◆ GIVEN INFORMATION
Segment Open

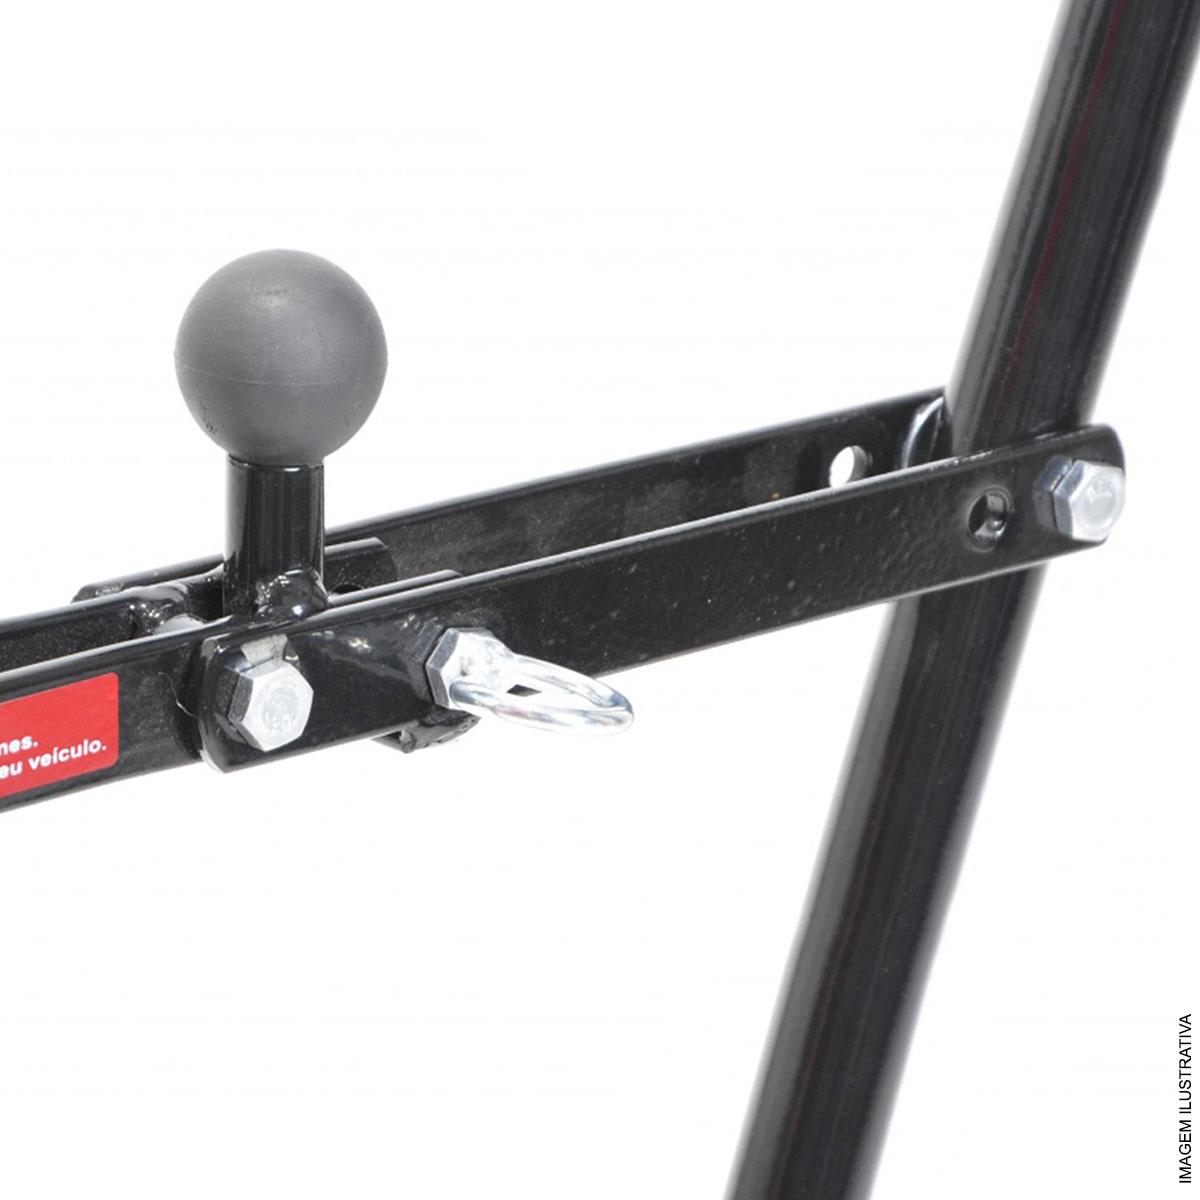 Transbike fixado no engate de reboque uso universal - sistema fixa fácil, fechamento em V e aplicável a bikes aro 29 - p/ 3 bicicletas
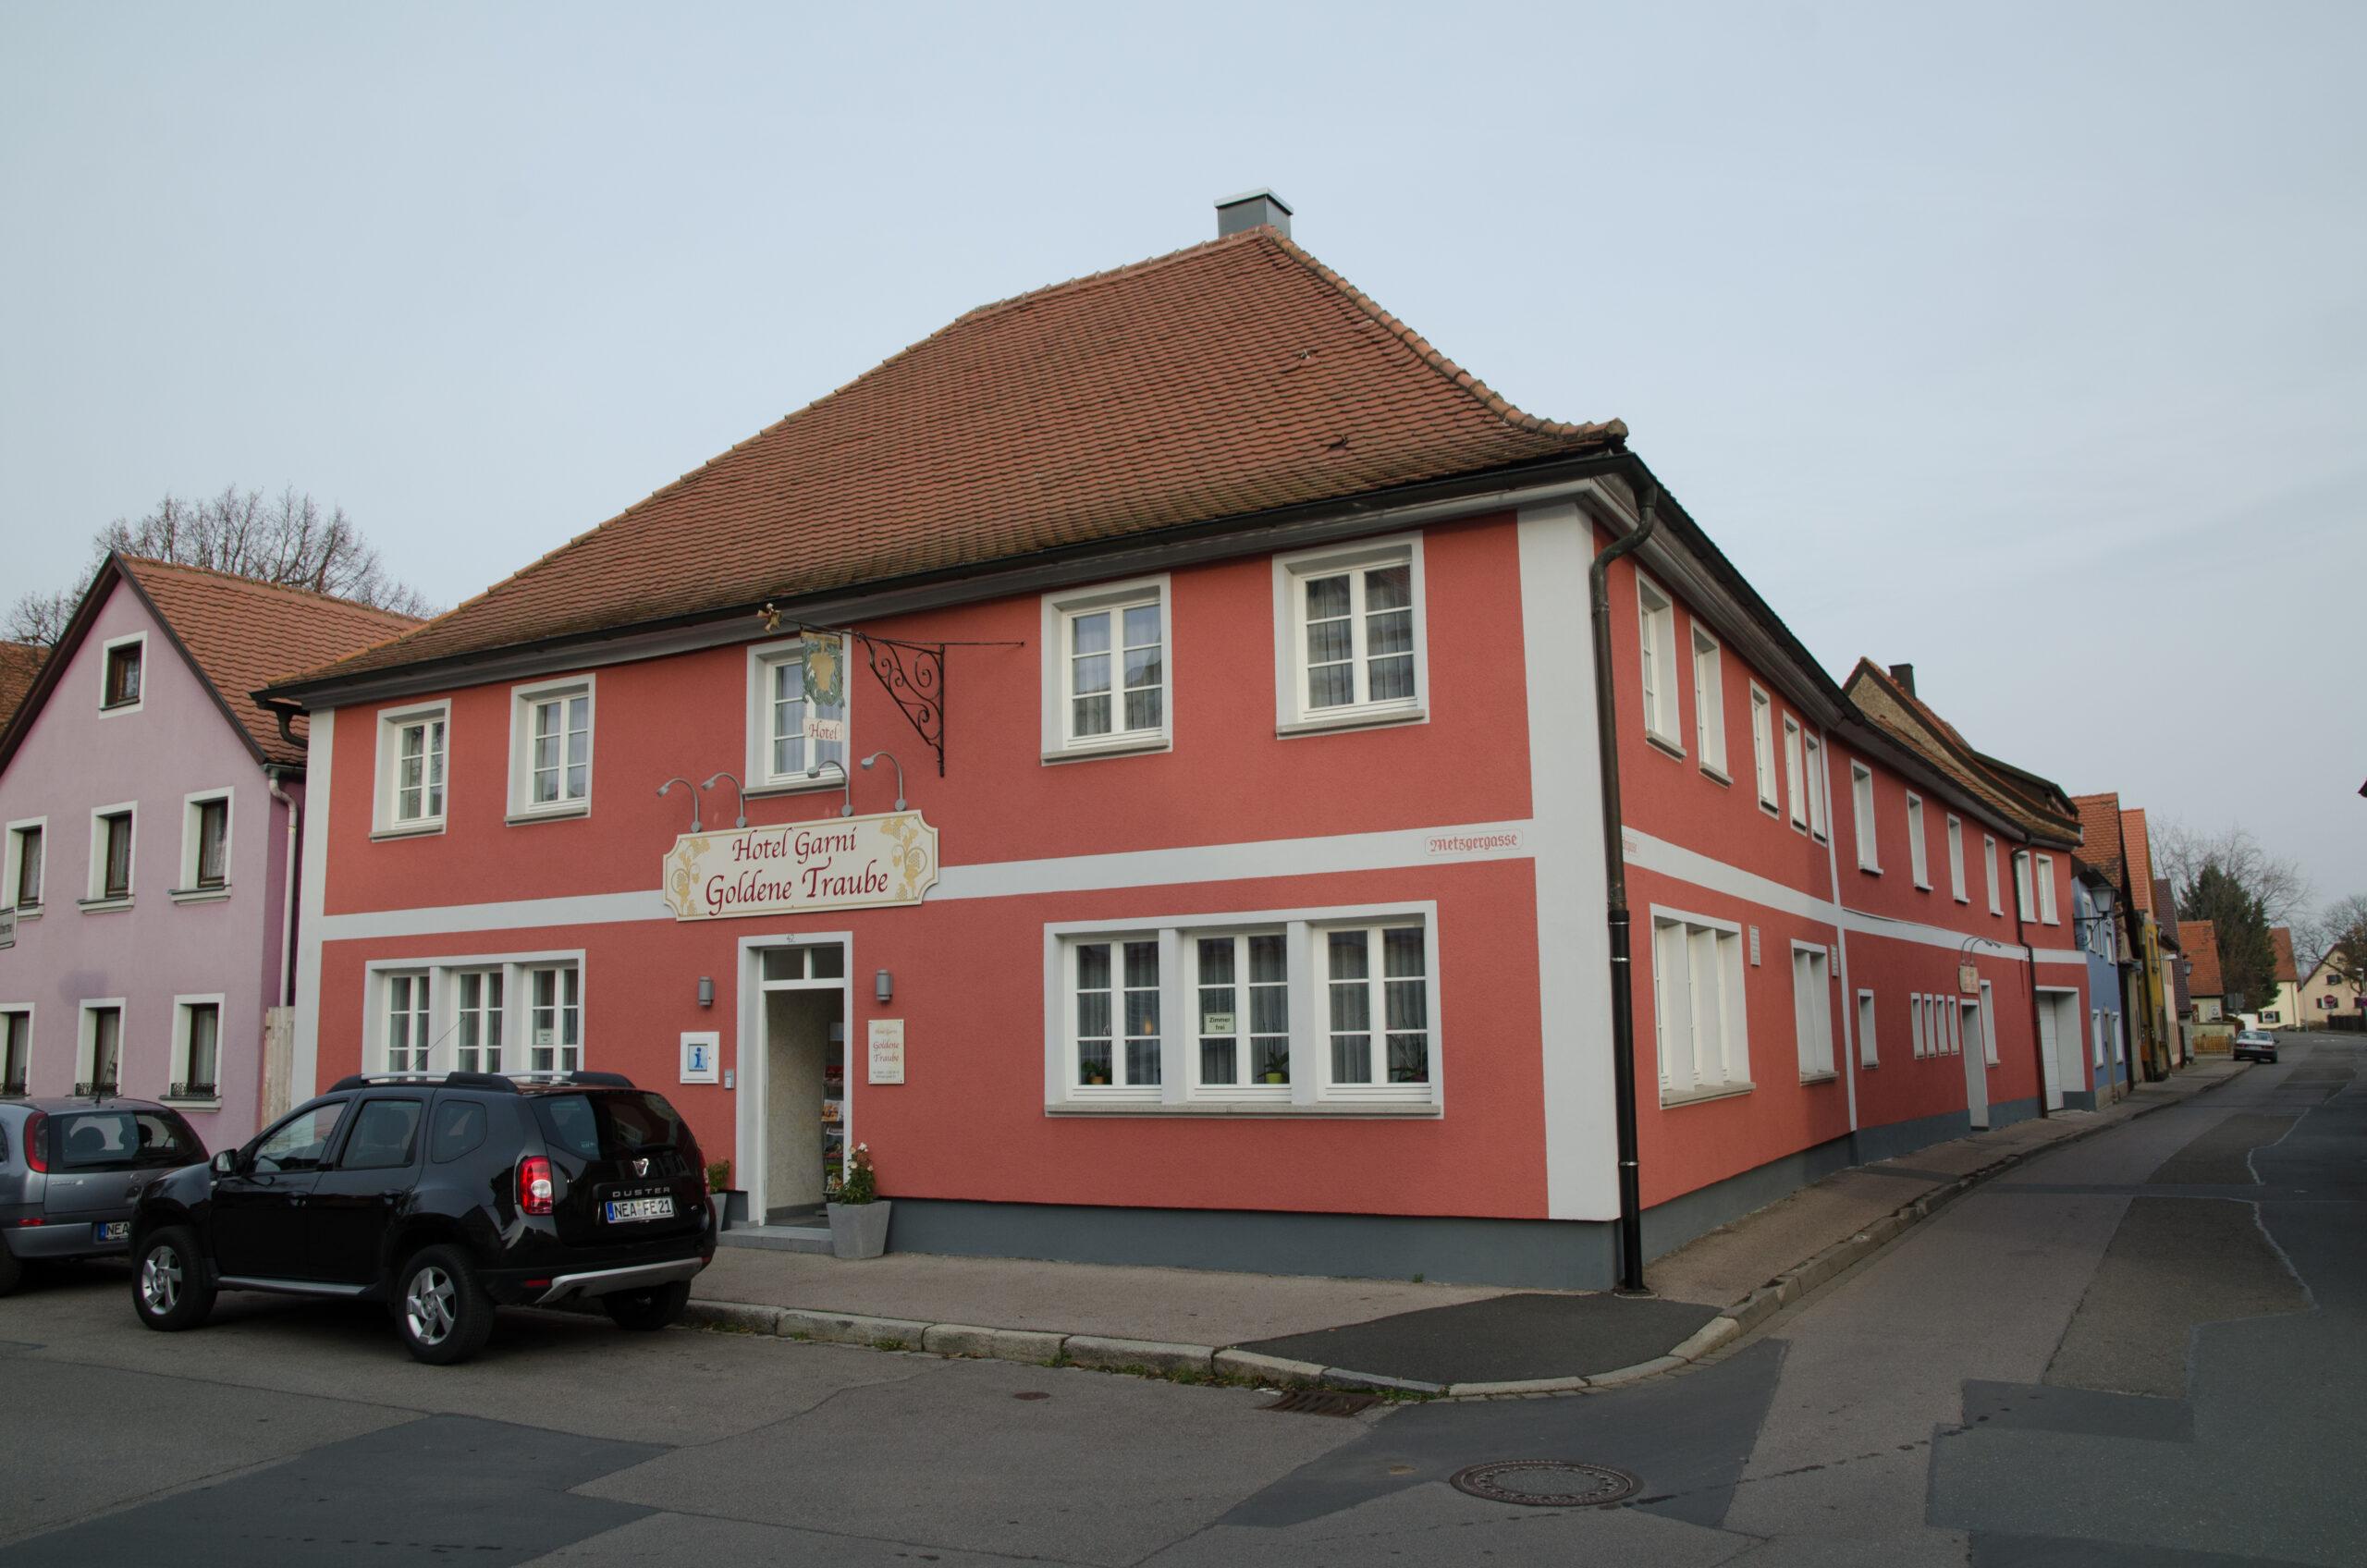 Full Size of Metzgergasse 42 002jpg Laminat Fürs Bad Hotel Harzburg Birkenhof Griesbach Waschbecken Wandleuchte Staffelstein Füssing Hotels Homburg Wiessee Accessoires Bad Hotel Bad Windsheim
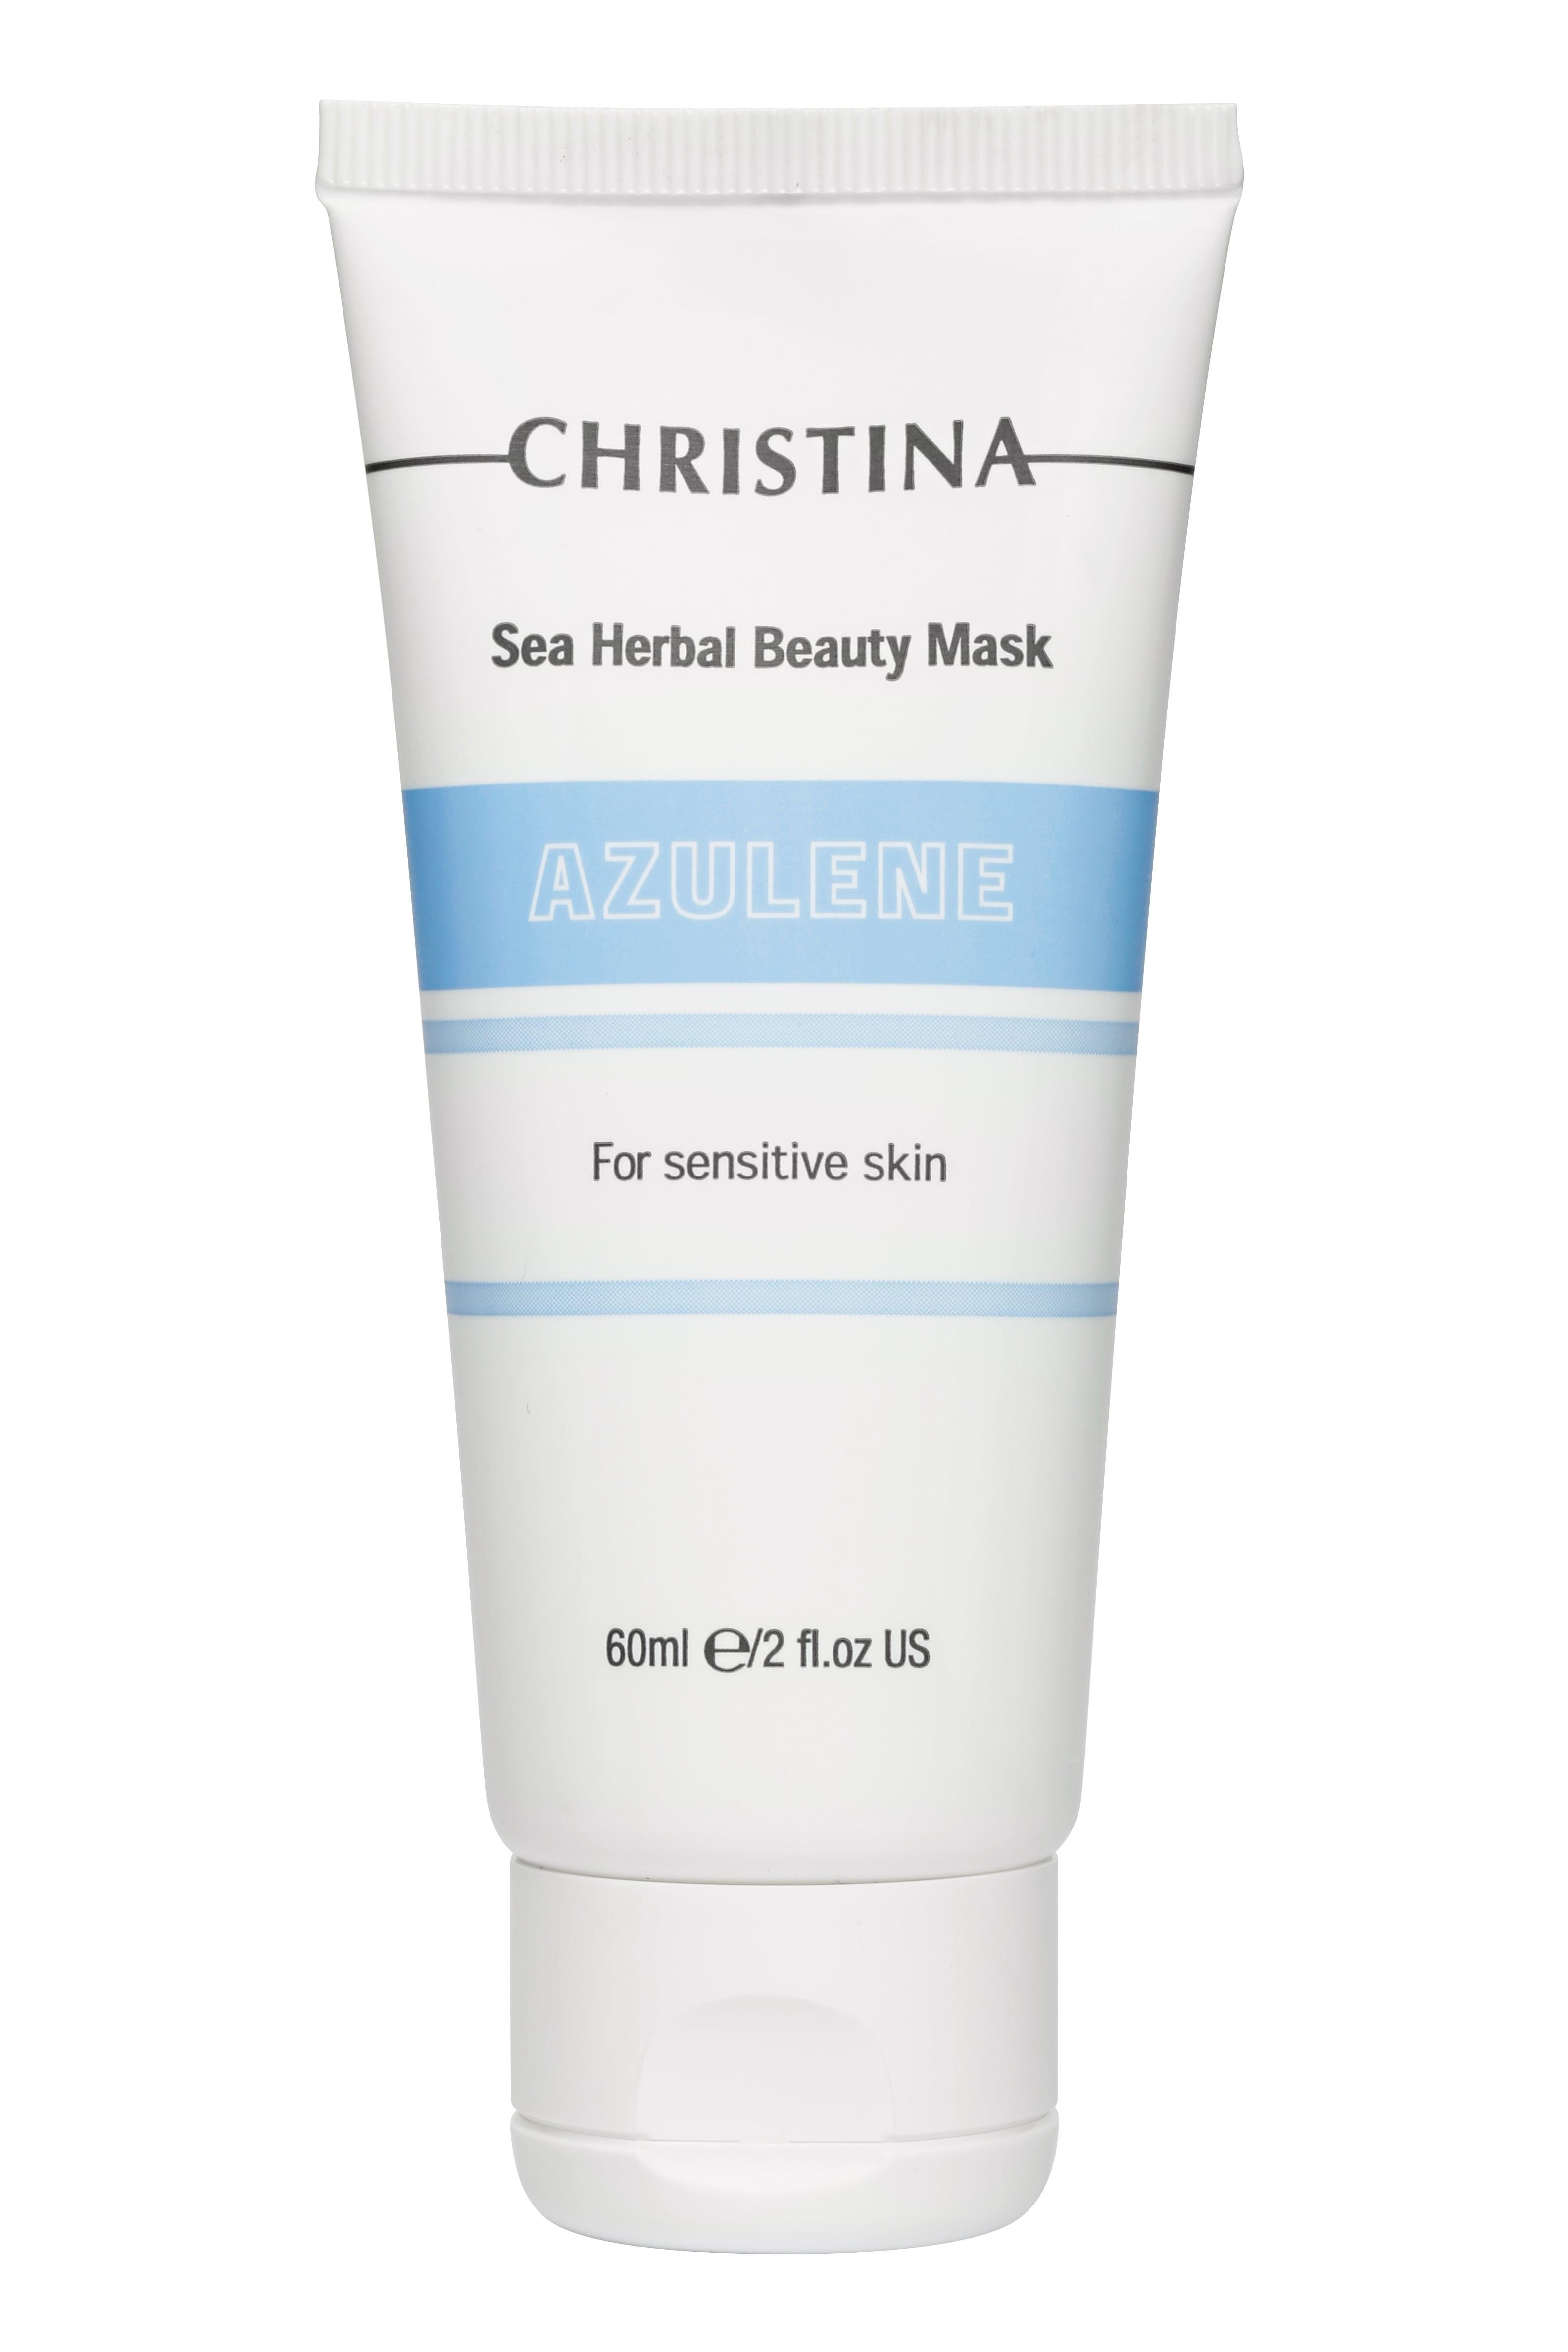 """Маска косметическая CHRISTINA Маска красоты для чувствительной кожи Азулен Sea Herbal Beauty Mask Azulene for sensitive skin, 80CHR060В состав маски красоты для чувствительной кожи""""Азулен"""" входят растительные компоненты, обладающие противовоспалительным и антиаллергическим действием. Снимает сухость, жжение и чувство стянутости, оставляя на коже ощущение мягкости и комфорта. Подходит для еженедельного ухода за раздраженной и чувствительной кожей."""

Segment Closed

◆ EXERCISE DETAILS
The material above should be repeated word for word, with every picture omitted.

◆ TASK SOLUTION
 Transbike fixado no engate de reboque uso universal - sistema fixa fácil, fechamento em V e aplicável a bikes aro 29 - p/ 3 bicicletas
 Full Size of Metzgergasse 42 002jpg Laminat Fürs Bad Hotel Harzburg Birkenhof Griesbach Waschbecken Wandleuchte Staffelstein Füssing Hotels Homburg Wiessee Accessoires Bad Hotel Bad Windsheim
 """Маска косметическая CHRISTINA Маска красоты для чувствительной кожи Азулен Sea Herbal Beauty Mask Azulene for sensitive skin, 80CHR060В состав маски красоты для чувствительной кожи""""Азулен"""" входят растительные компоненты, обладающие противовоспалительным и антиаллергическим действием. Снимает сухость, жжение и чувство стянутости, оставляя на коже ощущение мягкости и комфорта. Подходит для еженедельного ухода за раздраженной и чувствительной кожей."""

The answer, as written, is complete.